- Alex Karev (Justin Chambers) screaming after his confrontation with a bear.
- Episode no.: Season 6 Episode 4
- Directed by: Tom Verica
- Written by: Jenna Bans
- Original air date: October 8, 2009
- Running time: 43 minutes

Guest appearances
- Jeff Perry as Thatcher Grey; Ralph Waite as Irving Weller; Jocko Sims as Randy;

Episode chronology
| ← Previous "I Always Feel Like Somebody's Watchin' Me" | Next → "Invasion" |
- Grey's Anatomy season 6

= Tainted Obligation =

"Tainted Obligation" is the fourth episode of the sixth season of the American television medical drama Grey's Anatomy, and the 106th episode overall. Written by Jenna Bans and directed by Tom Verica, the episode aired on the American Broadcasting Company (ABC) in the United States on October 8, 2009.

The episode focuses on Meredith Grey (Ellen Pompeo) and Lexie Grey (Chyler Leigh) as their father, Thatcher Grey (Jeff Perry), is admitted to the hospital in need of a liver transplant. Meanwhile, Cristina Yang (Sandra Oh) worries about losing her job, and Owen Hunt (Kevin McKidd) works with Izzie Stevens (Katherine Heigl) on a challenging surgery for a terminal patient.

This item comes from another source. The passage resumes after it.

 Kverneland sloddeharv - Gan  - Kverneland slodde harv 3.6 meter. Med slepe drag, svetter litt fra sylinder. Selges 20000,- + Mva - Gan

Although the episode was fictionally set in Seattle, Washington, filming primarily took place in Los Angeles, California. Perry reprised his role as a guest star, while Ralph Waite and Jocko Sims made their first appearances. The title of the episode refers to the song "Tainted Obligation" by the American alternative rock group Community Trolls.

Upon its initial airing, "Tainted Obligation" was viewed by 14.13 million Americans, and garnered a 5.4/14 Nielsen rating/share in the 18–49 demographic, ranking #3 for the night in terms of viewership. It received positive reviews from television critics, with high praise for the performances of Pompeo and Leigh.

==Plot==
The episode opens with a voice-over from Meredith Grey (Ellen Pompeo), reflecting on life's increasing obligations and the inevitability of facing them.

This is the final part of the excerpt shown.